(Available data)

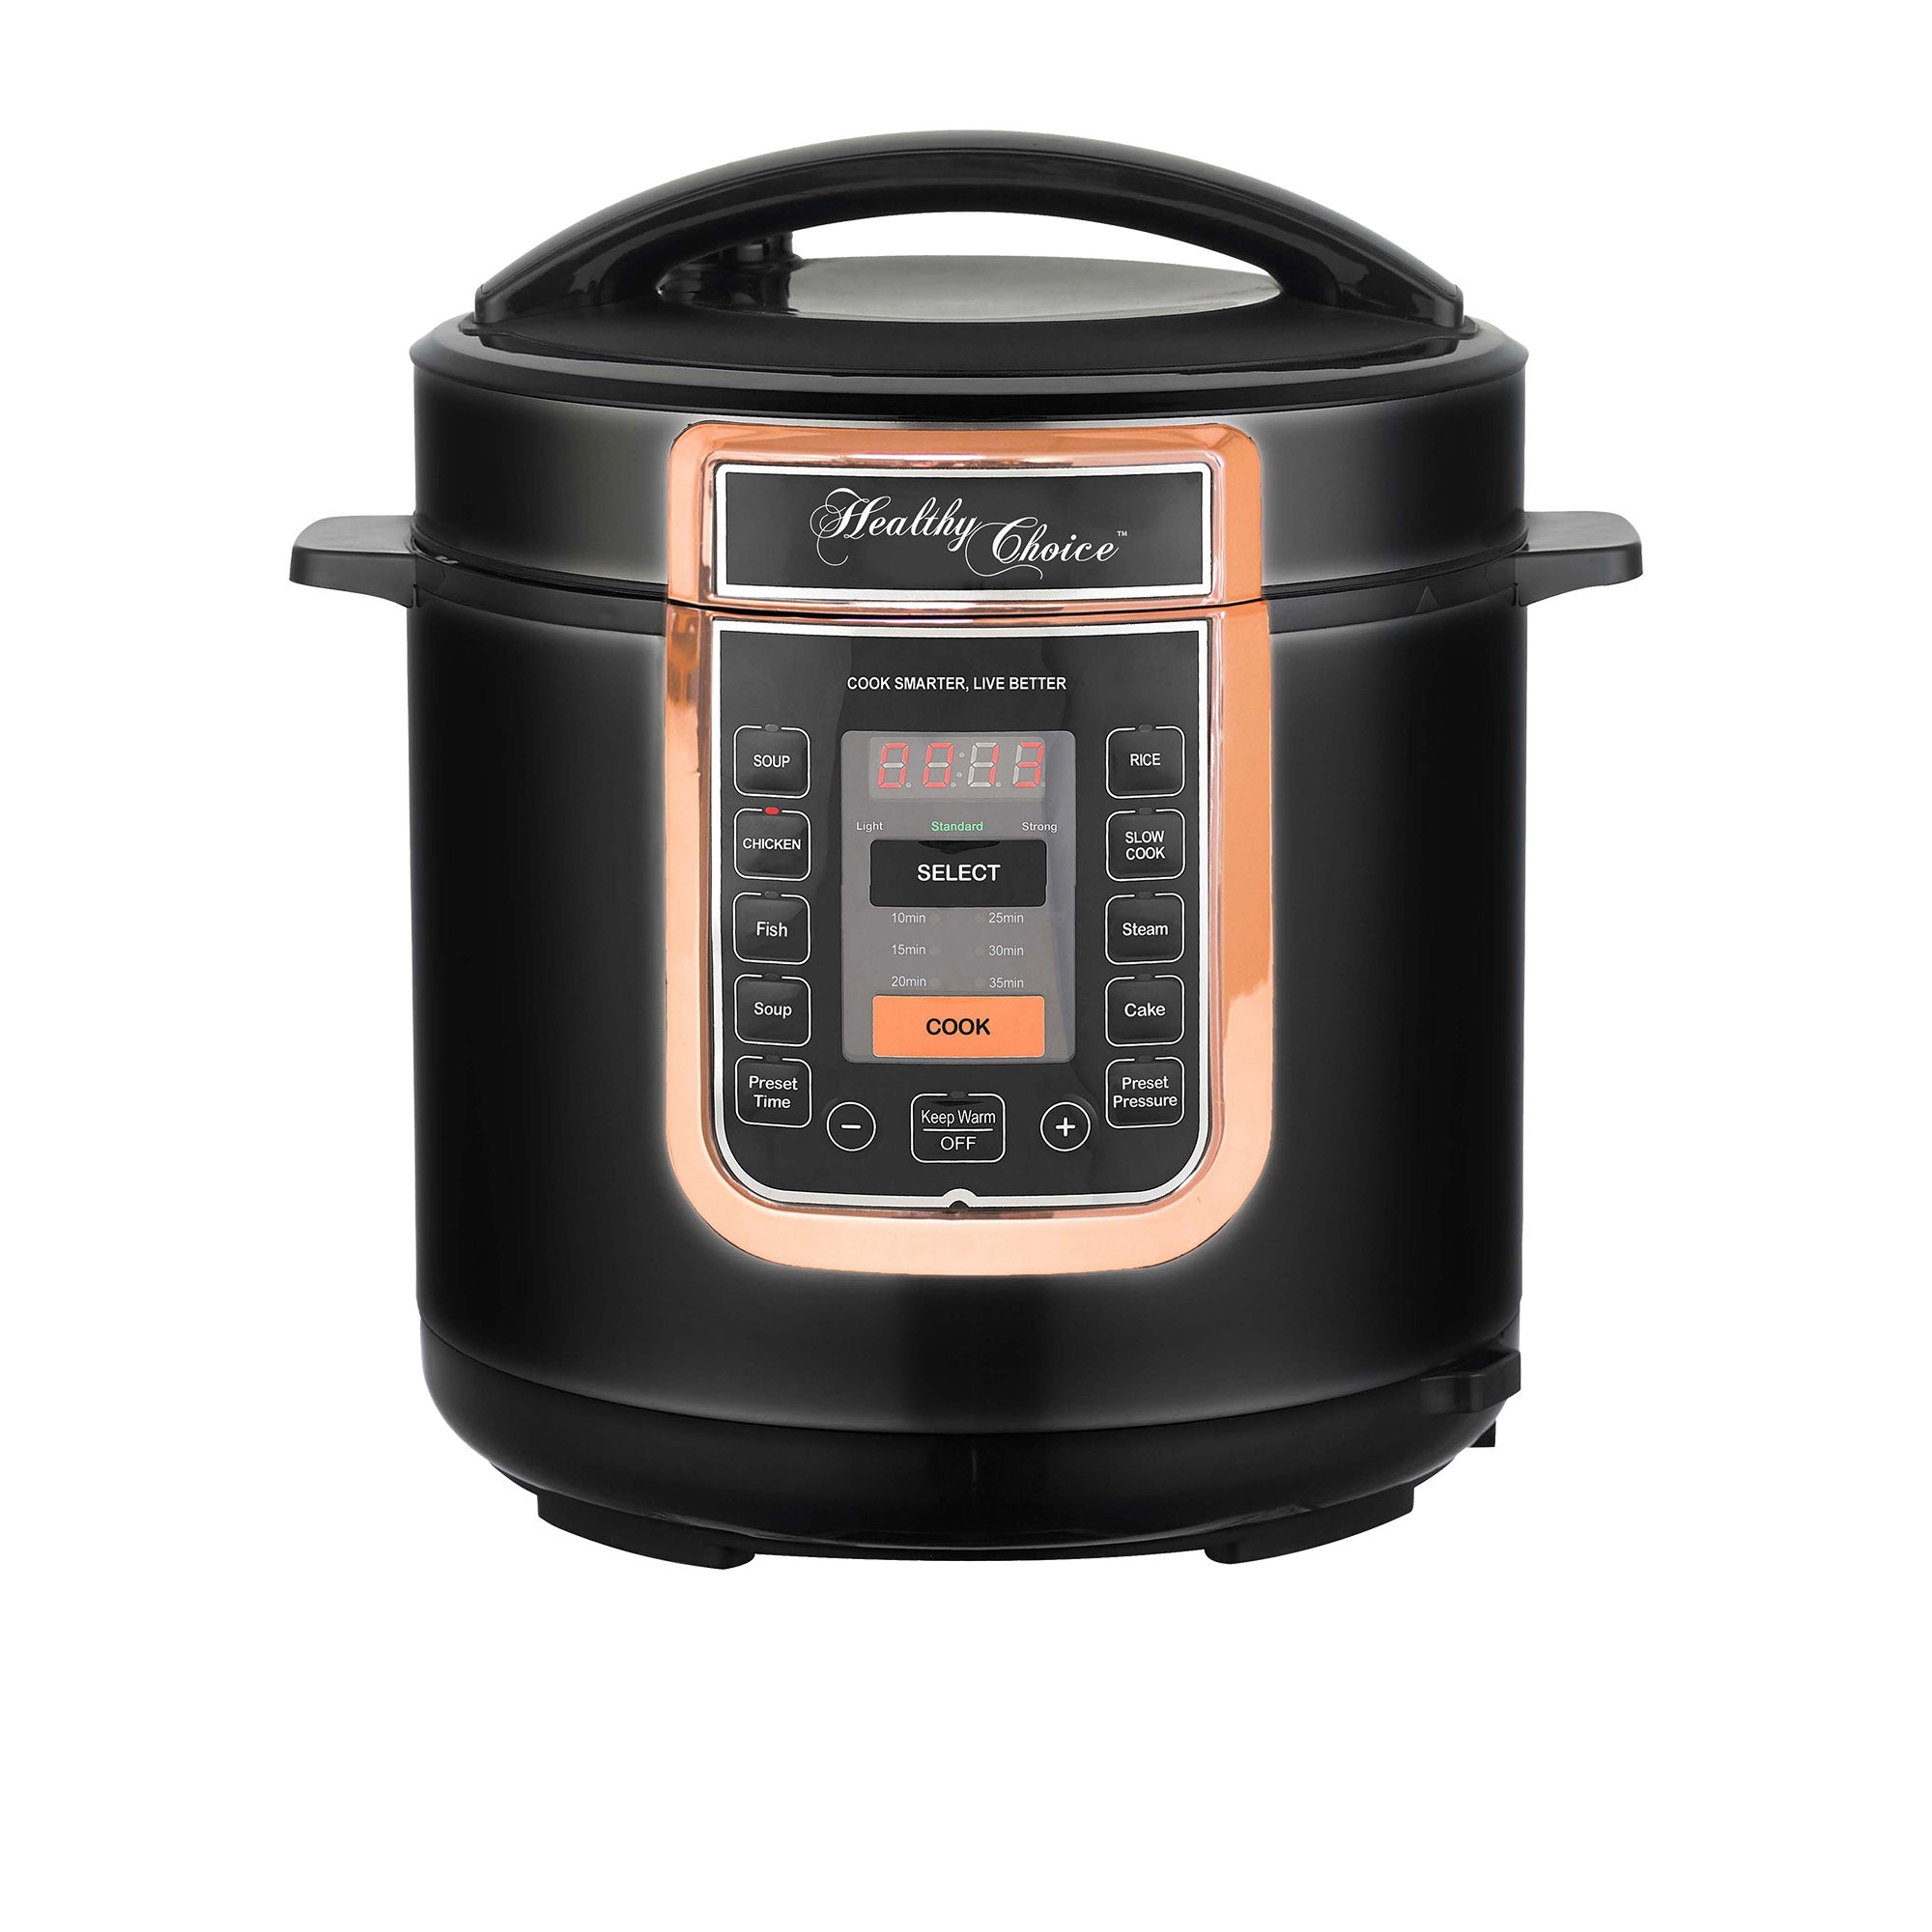 Healthy Choice Pressure Cooker with Rose Gold Trim 6L Black Image 1
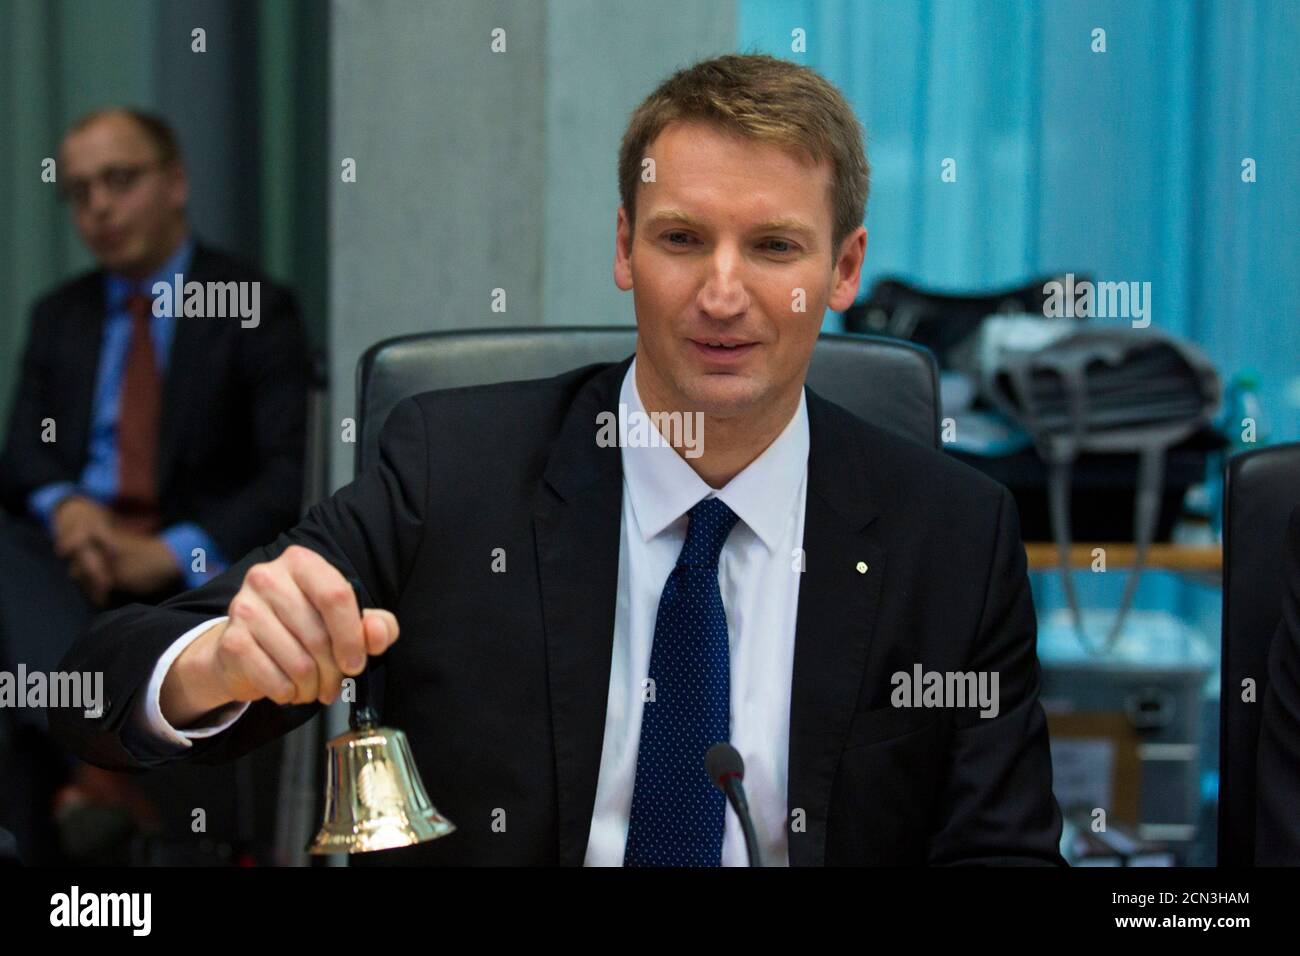 Inquiry commission head Patrick Sensburg rings a bell to start a hearing of a parliamentary inquiry into the NSA's activities in Germany, in Berlin July 3, 2014.  REUTERS/Thomas Peter (GERMANY - Tags: POLITICS) Stock Photo
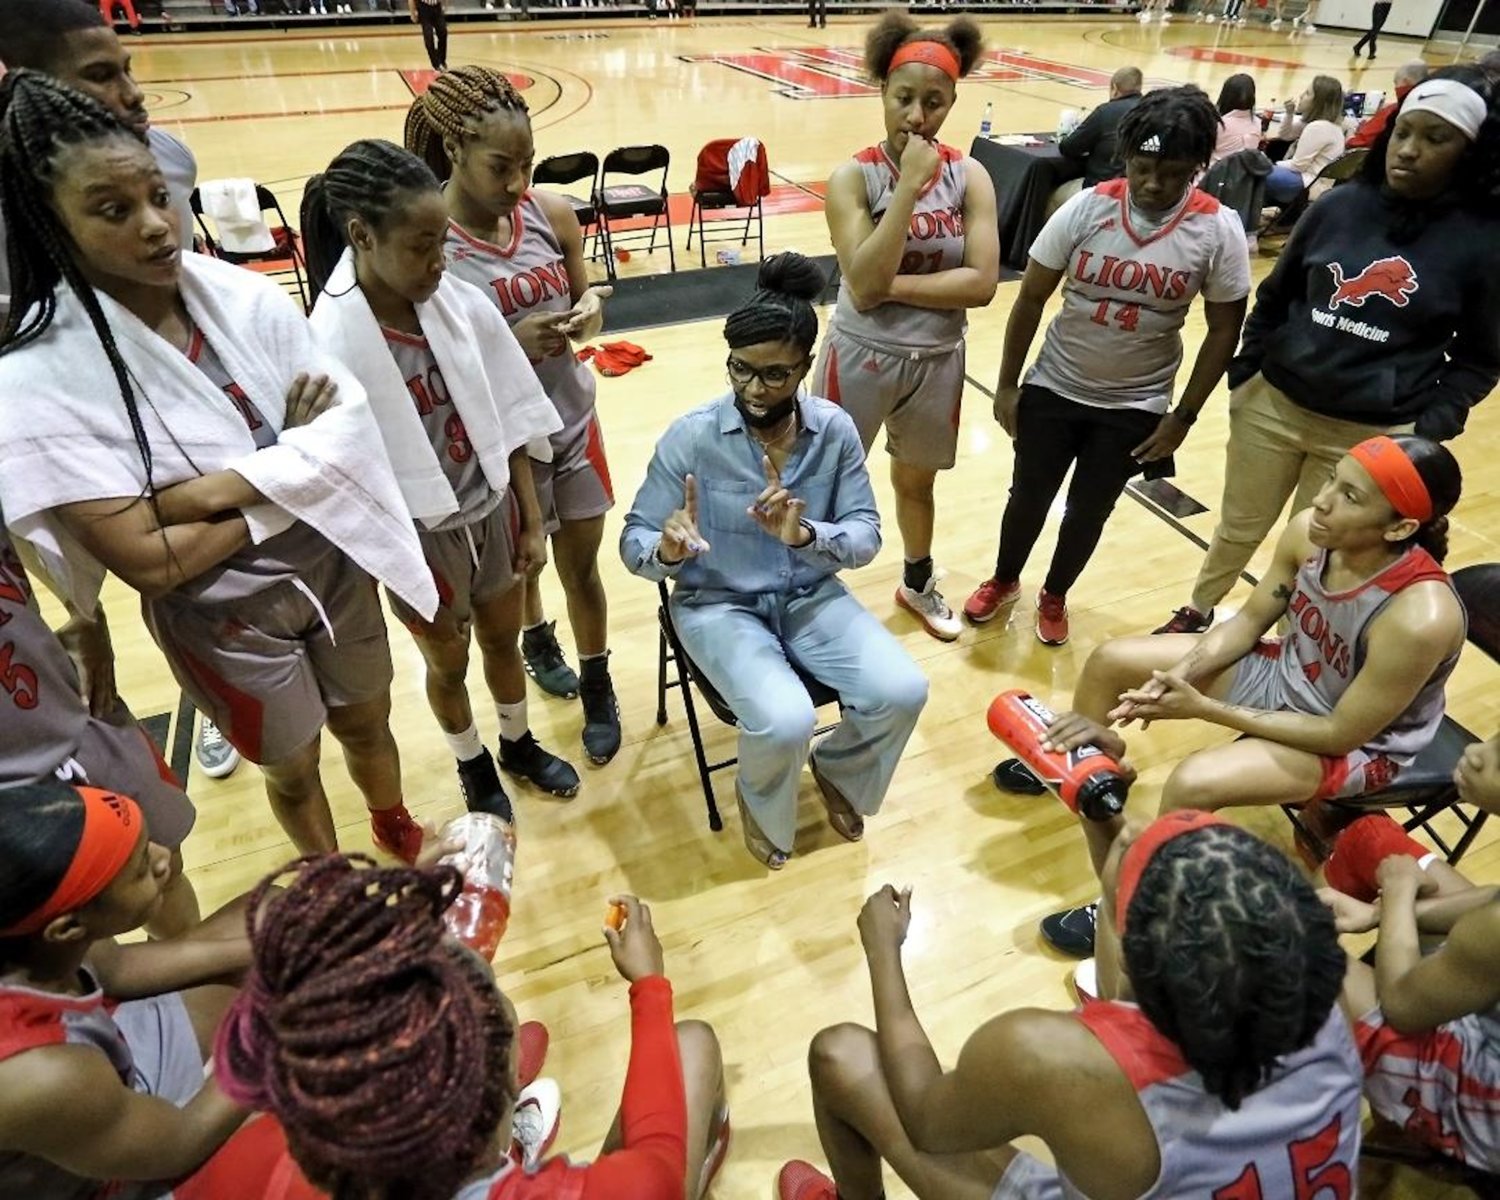 Coach Sharon Thompson’s East Mississippi Lady Lions listen up during a timeout in an earlier game. In the other photo, Ja’Mia Hollings takes a shot in an earlier game. The Lady Lions were 12-4 when they played Coahoma in the semifinals Wednesday at Mississippi College.

(End Available data)

Every line of the data should be transcribed exactly. Omit the images.

 Healthy Choice Pressure Cooker with Rose Gold Trim 6L Black Image 1
 Inquiry commission head Patrick Sensburg rings a bell to start a hearing of a parliamentary inquiry into the NSA's activities in Germany, in Berlin July 3, 2014.  REUTERS/Thomas Peter (GERMANY - Tags: POLITICS) Stock Photo
 Coach Sharon Thompson’s East Mississippi Lady Lions listen up during a timeout in an earlier game. In the other photo, Ja’Mia Hollings takes a shot in an earlier game. The Lady Lions were 12-4 when they played Coahoma in the semifinals Wednesday at Mississippi College.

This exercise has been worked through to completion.